DATA SHOWN ▸
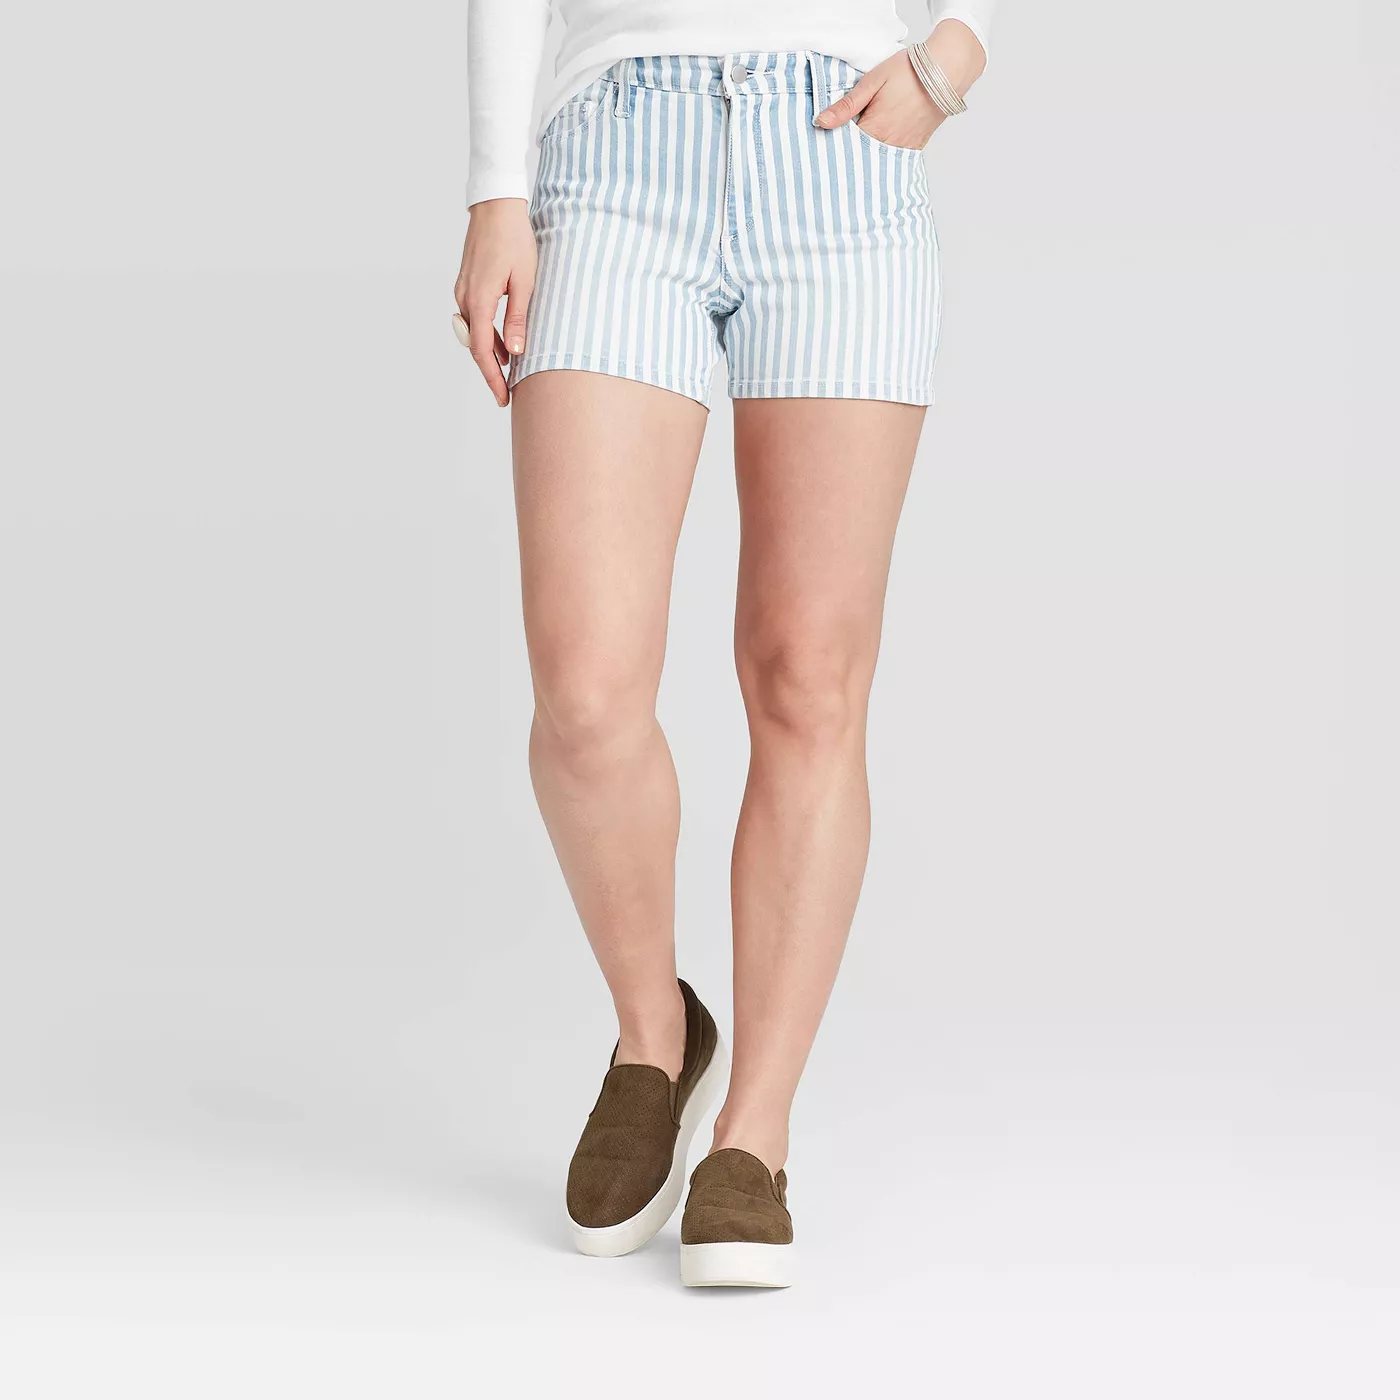 Women's High-Rise Stripped Jean Shorts - Universal Thread™ Light Blue - image 1 of 3
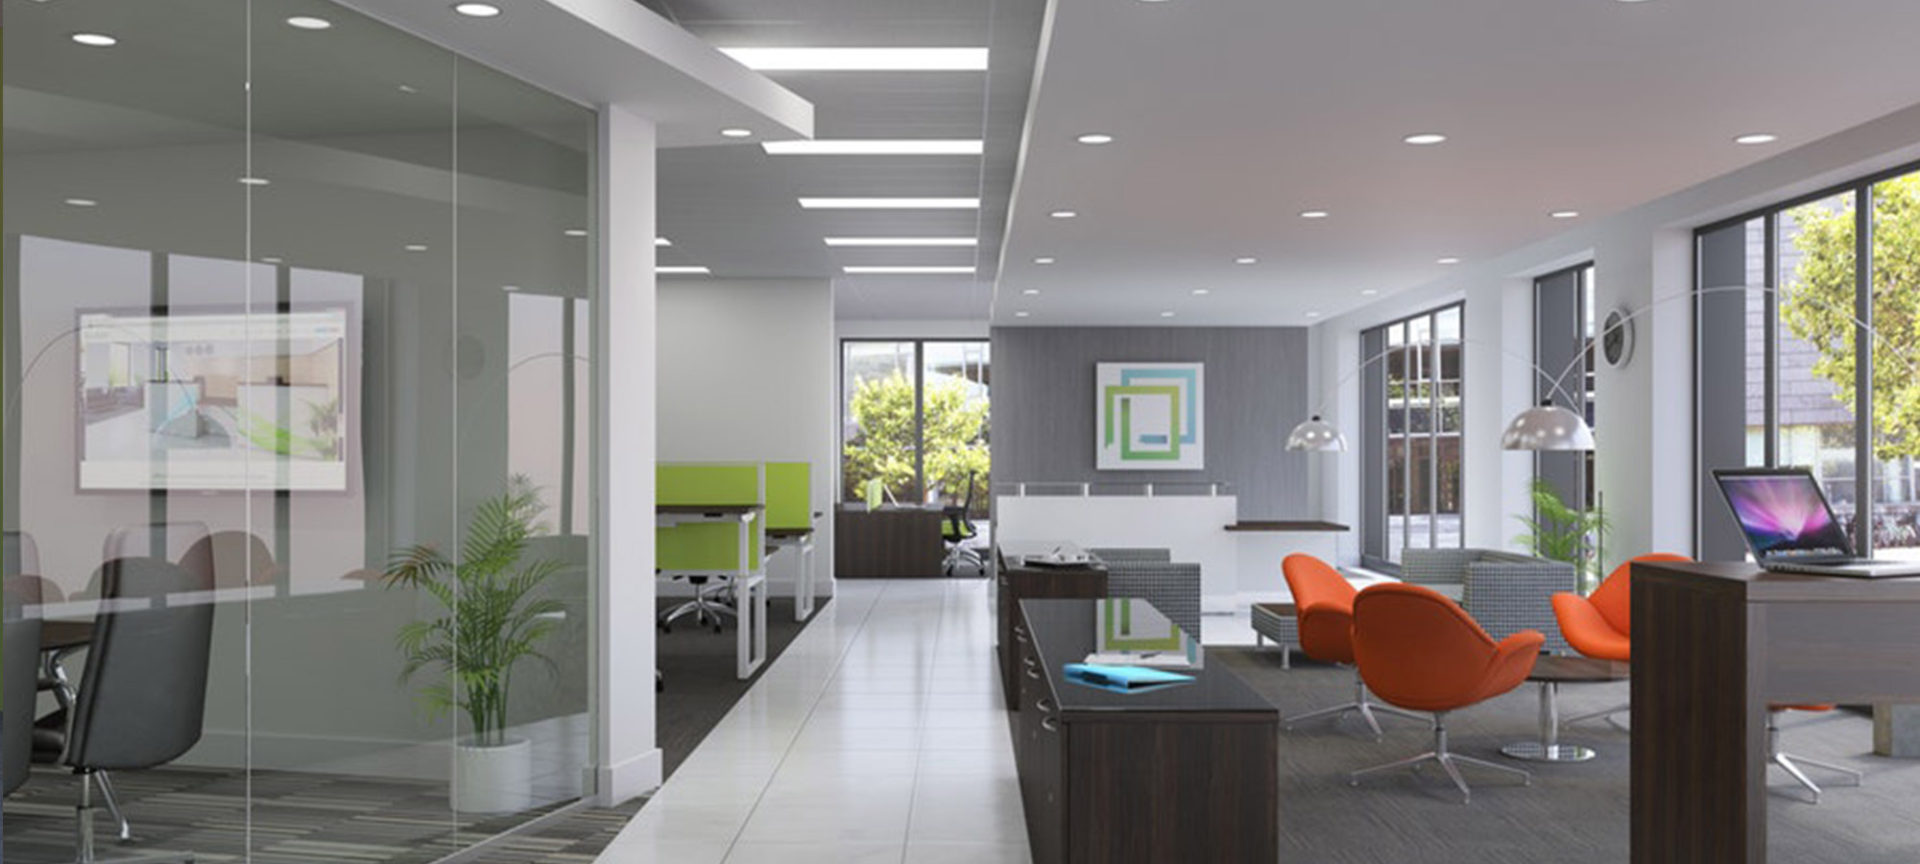 Office Fit-Outs | Office Furniture Specialists | Pure ...
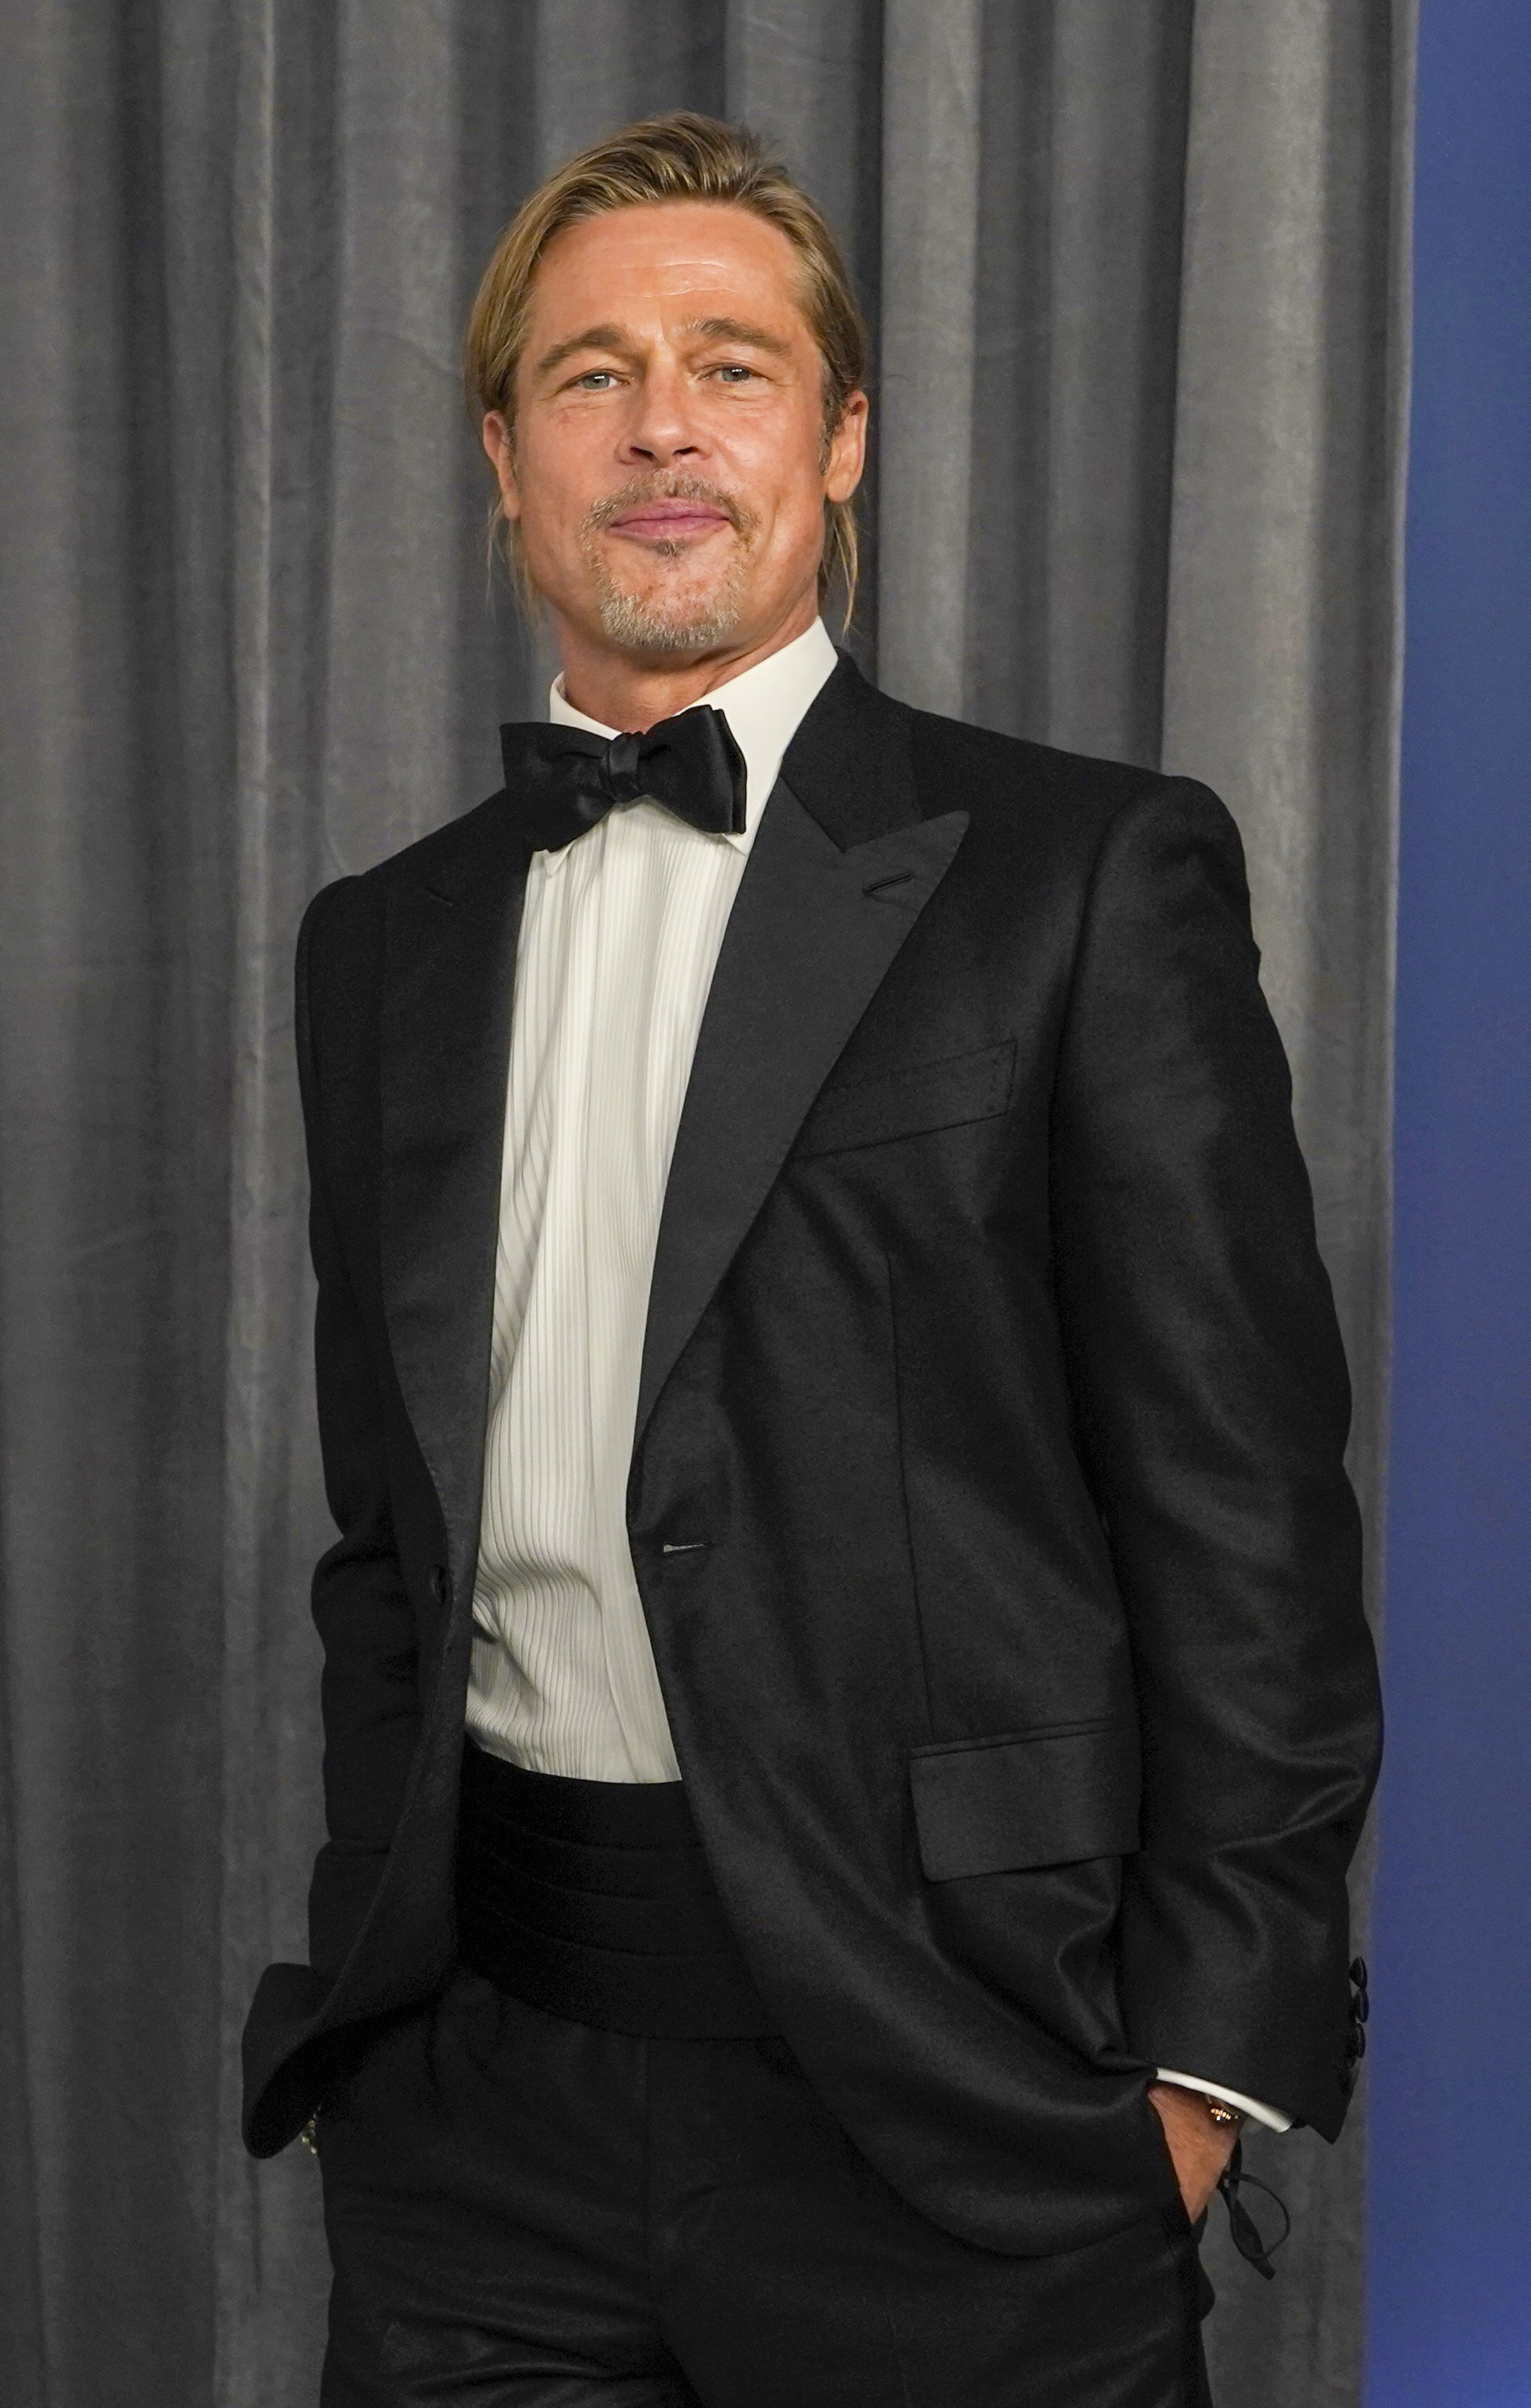 Brad Pitt poses in the press room at the Oscars on Sunday, April 25, 2021, at Union Station in Los Angeles. | Source: Getty Images

TASK DESCRIPTION ▸ Print the data above exactly, from its first line to the line bearing "Office Fit-Outs |" inclusive, and keep pictures out of the result.

TASK SOLUTION ▸
 Women's High-Rise Stripped Jean Shorts - Universal Thread™ Light Blue - image 1 of 3
 Office Fit-Outs | Office Furniture Specialists | Pure ...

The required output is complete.